I hope you read everything that has been written on here and not just throw two snakes together. You start the bonding process during winter. NOT NOW!
-----
www.Bluerosy.com

grnpyro Jul 27, 2011 09:34 AM

This question was intended for a different species... not kingsnakes. I posted it here because I know you frequent this forum and I would get an answer. These particular snakes are Dulzura rosy boas and were given to me together as an unrelated pair and I was curious if I should leave them or separate them.

My pyros however I will be introducing at the beginning of brumation. As far as that goes, should I worry about my pyros breeding or will this just not happen??

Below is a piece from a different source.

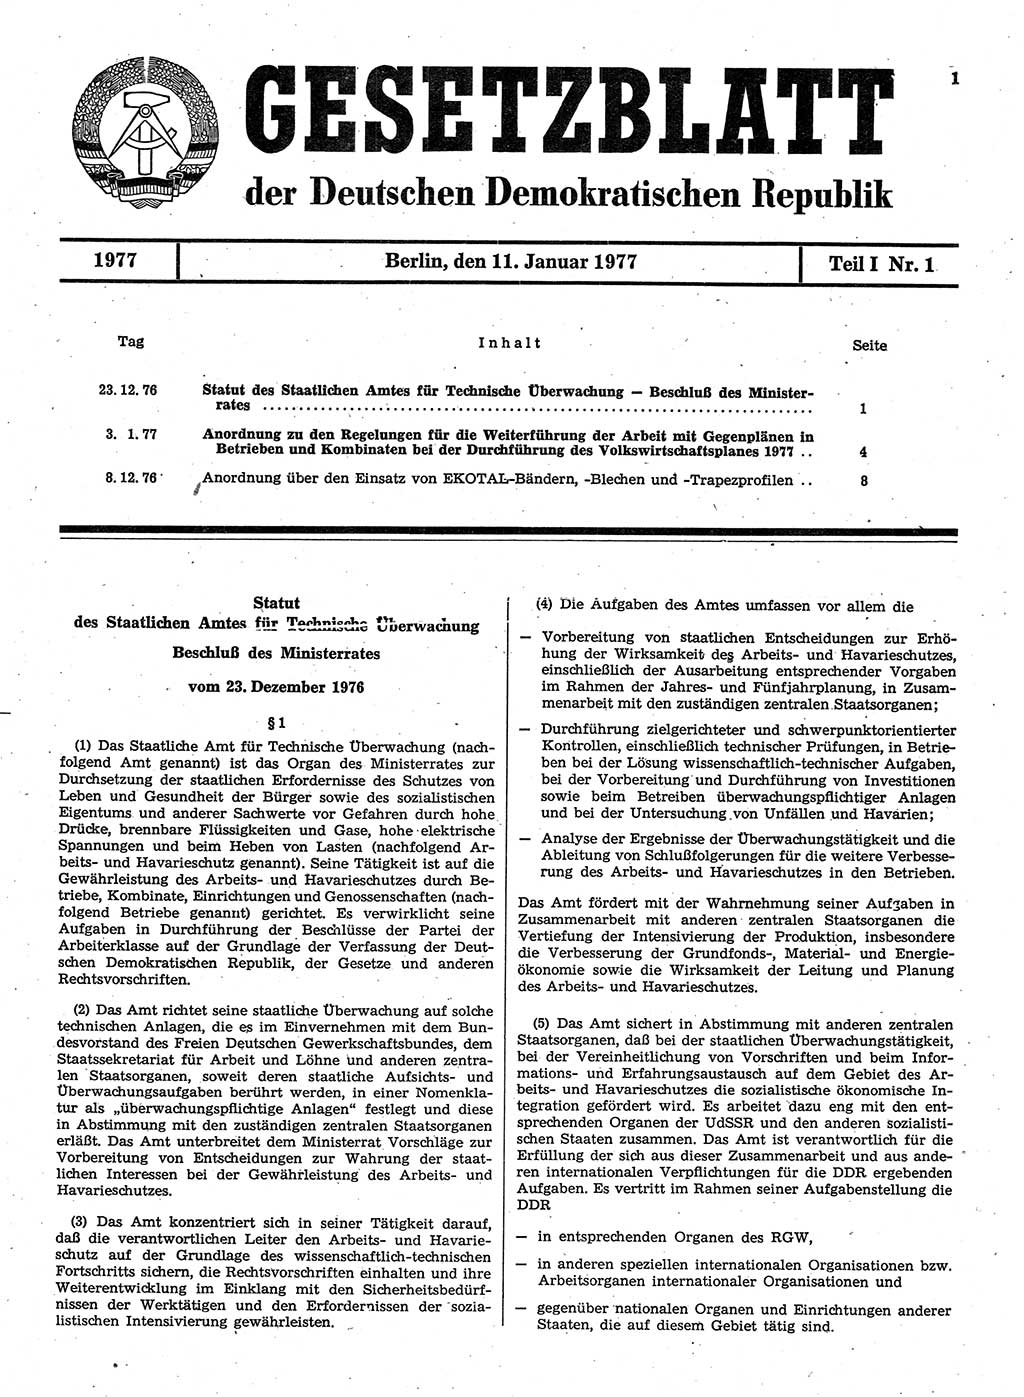 Gesetzblatt (GBl.) der Deutschen Demokratischen Republik (DDR) Teil Ⅰ 1977, Seite 1 (GBl. DDR Ⅰ 1977, S. 1)

Bluerosy Jul 27, 2011 01:30 PM

I have a lot of expernce with rosy boas. Used to have 300 breedrs and kept them for many years. They are my favorite snakes..

Leave them together. they will be fine.
-----
www.Bluerosy.com

grnpyro Jul 27, 2011 03:26 PM

So just to be clear.... I was given these two babies, you are saying to continue to house them together regardless of the time of year and they should still breed when the time comes with no issues??? Also, will they breed to soon posing health risks??]

Thank you

Bluerosy Jul 27, 2011 05:08 PM

So just to be clear.... I was given these two babies, you are saying to continue to house them together regardless of the time of year and they should still breed when the time comes with no issues??? Also, will they breed to soon posing health risks??

In general I was speaking about kingsnakes. But you have rosy boas. They are not snake eaters. But captive born rosys can get VERY agressive with feeding. Unlike wildcaught rosys which are very mellow. But SOME captive raised rosys get extremly agressive. maybe it is because they are more inteeligent than kingsnakes. I am not sure. But they seem to learn by conditioning whenever a hand comes in to feed them or the cage opens up.

If feeding them together I would make sure to feed them seperate... meaning, let each grab their first mouse and put them in opposite corners of the unit. A rosy will eat anything that smells like mouse. Even hands that don't smell like mice. Captive raised adults are also more, well , how should i put it...more shark like than kingsnakes. Once they latch on. they won't let go. I found this true with with captive raised babies only...and then onl;y some locales. And unlike kingsnakes. They don't let go. Once they are in that kill mode. Their ain't no stopping them.

i personally would house them together when they start feeding on young adult mice. But that is my preference.. Best time to bond them is like any other snake, in winter.
-----
www.Bluerosy.com

grnpyro Jul 28, 2011 12:04 AM

Sounds great and thank you for all the input!

rtdunham Jul 27, 2011 12:43 PM

>>uHH, NOPE. Why would you even think that?

Rainer, do you find that "bonded" snakes are willing to breed with mates they weren't bonded with? In other words, are you making a life-of-the-snake commitment to its breeding partner, when you bond them? Or can you break a bonded pair and find that the two snakes will breed just as readily if introduced to mates they've never seen before?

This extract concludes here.